A short dialogue with Theodore Darst

, 12 December 2013

“I’m drinking green tea and I just took some Xanax ‘cause I’ve been feeling very anxious”, Theodore Darst tells me when I ask him what he’s up to. The Chicago-based web artist and music video director’s anxiety should come as no surprise to anyone familiar with his work; the flashing 3D graphics, morbid imagery and blunt, pithy titles forming the core of his practice are the visual equivalent of a panic attack.

Educated at the School of the Art Institute of Chicago and at Bard College, Darst has exhibited in an impressive number of shows over the past two years, both online and in galleries. Darst’s new work is about to go on display on digital art platform internet-art.net –it will be the site’s inaugural solo show, 3D Man Resting Prone, curated by Nick Kegeyan. More so than any of his output to date, these recent offerings typify Darst’s ingenious and, to this spectator at least, his distinctly disturbing vision. Darst, though, shrugs off the implication that his visuals might have any troubling effects: ‘I don’t believe you – sorry’, he says when challenged.

From creating live visuals for the likes of Chicago group The-Drum to short films to a narrative project about Limp Bizkit singer Fred Durst, Darst is a thrillingly versatile artist whose often dystopian points of reference belie a slacker-ish sense of mischief. Much of Darst’s output appears to revolve around what amuses him at any given moment – a quality that keeps the work intriguing, mercurial and paradoxically serious.

Theodore Darst, 'Comp 1 (Deion Sanders)'. (2013)..png
Theodore Darst, ‘Comp 1 (Deion Sanders)’. (2013).

aqnb: What do you want and how are you going to get it?

Theodore Darst: I’d like to be the type of artist who doesn’t have to teach but doesn’t have to do a lot of self-promotion to sell their art. No idea how I’m going to get it. I want a new car. I’ll get that with the money I earn.

aqnb: What scares you?

TD: Walking around shitty parts of Chicago late at night. The fact that so many bullshit artists my age get to speak for my generation.

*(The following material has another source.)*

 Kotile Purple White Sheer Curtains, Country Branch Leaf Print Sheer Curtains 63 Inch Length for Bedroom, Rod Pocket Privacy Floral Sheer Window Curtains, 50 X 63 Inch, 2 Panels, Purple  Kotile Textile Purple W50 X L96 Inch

aqnb: Do you worry about being watched?

TD: I used to worry about being watched but now I accept that I’m being watched and I figure if we’re all being watched all the time then there’s no need to stress about stuff like that. I really don’t like being on camera though.

aqnb: Why Fred Durst?

TD: I’m fascinated with Fred Durst for a myriad of reasons. I’m actually writing a screenplay for an animation/documentary about him right now. He is this symbolic figure to me that ushered in 21st century pop culture in a very negative way.

Also, our last names are really similar and I feel like I’ve gotten to experience his rise and fall as a superstar in a very direct way. Throughout middle school, people commented on how cool it was that we had such close last names, then it became something that they would point out as an insult. Now it’s always in some ironic ‘remember the ‘90s’ context, so I just feel in tune with him and where he’s at in his career.

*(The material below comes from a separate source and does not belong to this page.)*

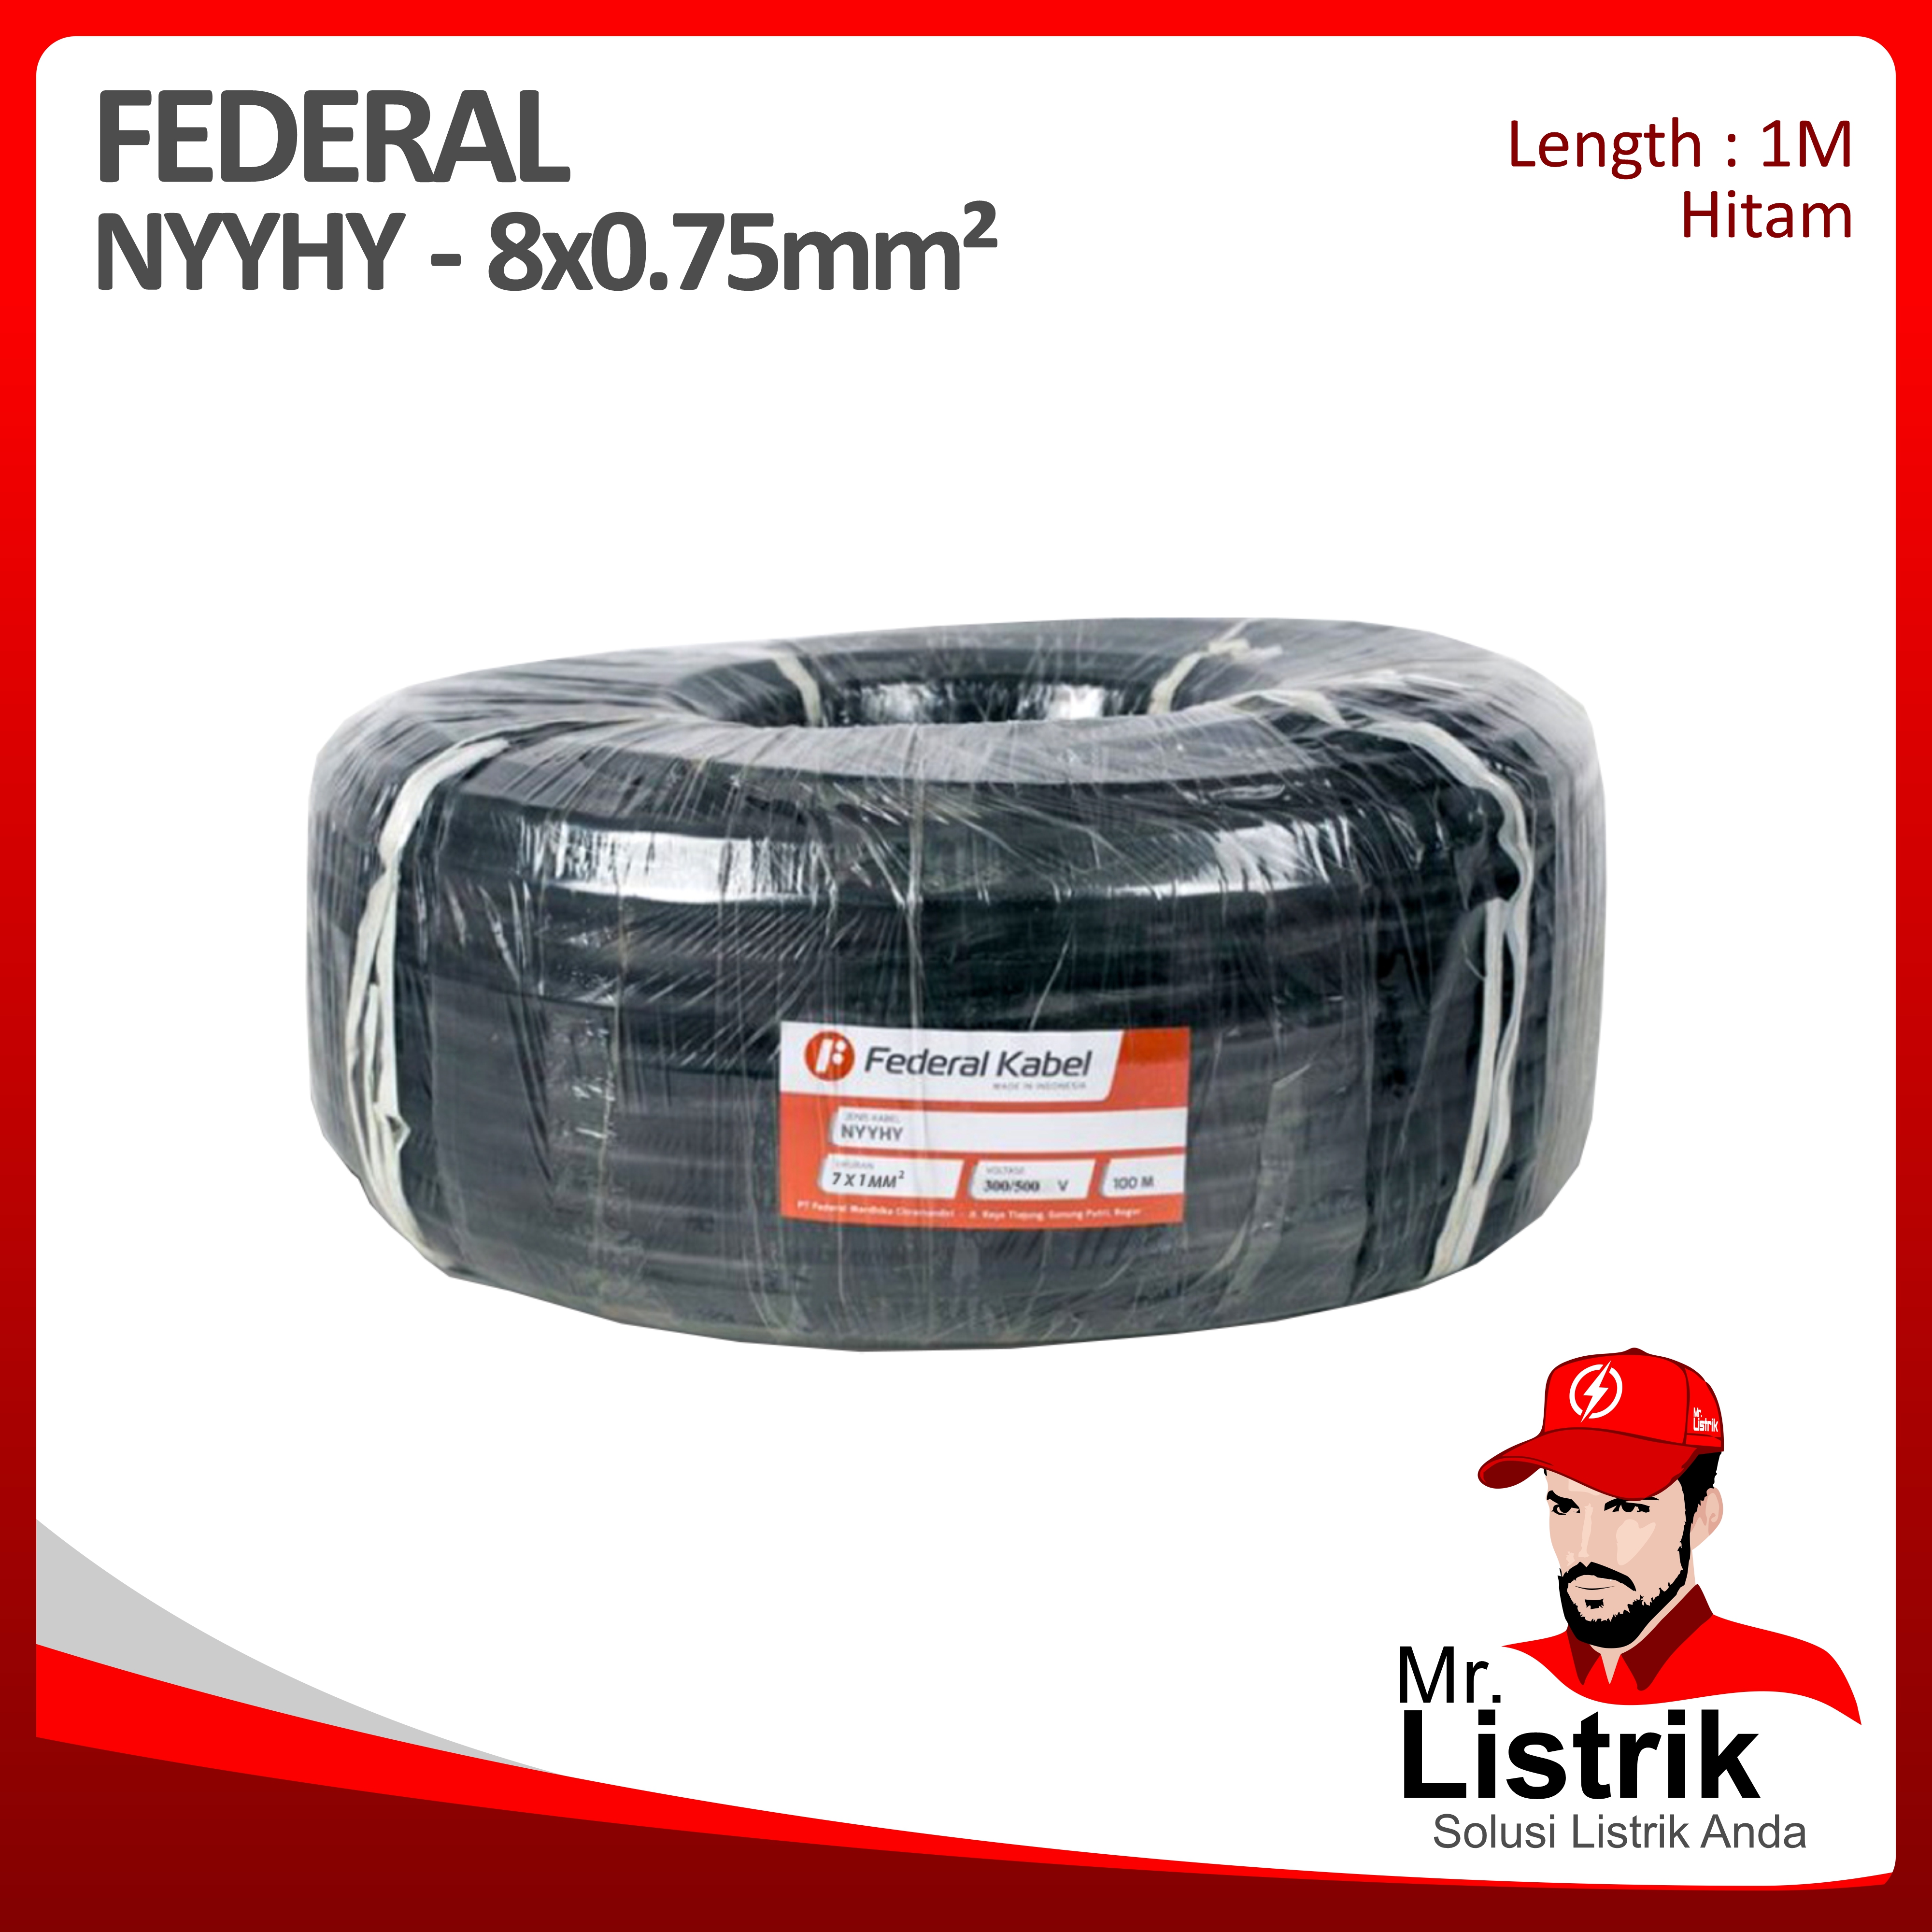 Kabel NYYHY Federal 8x0.75 mm² @1 Mtr

aqnb: What’s the value of irony in conceptual art?

TD: I think one-liner ironic conceptual web projects are the art world equivalent of those click bait posts at the bottom of a blogs promising ’10 Scorching Hot Photos of Scarlett Johansson’. On a more grand scale though, irony is so integral to all contemporary art that I can’t even start to put a value judgment on it.

aqnb: Do you begin a project thinking of language or image?

TD: Always with the image.

aqnb: And what’s with the language? How did you approach the narrative in the Deion Sanders and Absis Minas videos?

TD: The language is as close to a ‘pure’ journal entry as I can possibly claim it. I’ve made three of these more personal videos now so the purity of the narrative gets diluted with each one, since I’m thinking more about the final product than I was at first. But at some basic level, the narratives are just me reporting on my life as it happens. I wrote them, by hand at first, so that seems pretty authentic.

aqnb: Music videos: spectacles in their own right or interpretive tools? Or something else entirely?

TD: I think what music videos were a decade ago has nothing to do with what they are now. I think that videos are turning into the best form for delivering music now. I watch music videos, or at least have them playing in other tabs in chrome as often as I listen to iTunes.

aqnb: Where are you going?

TD: I’m trying to go somewhere warm. I think I want to go to the Middle East next. I was going to move to New York City but that’s so boring. I’m worried I’m not interesting enough to go anywhere.

aqnb: Why?

TD: God, I don’t know. I try to project a Positive Mental Attitude as much as possible but a lot of the time I’m lying. **

Theodore Darst’s 3D Man Resting Prone runs on internet-art.net from December 11 to 13.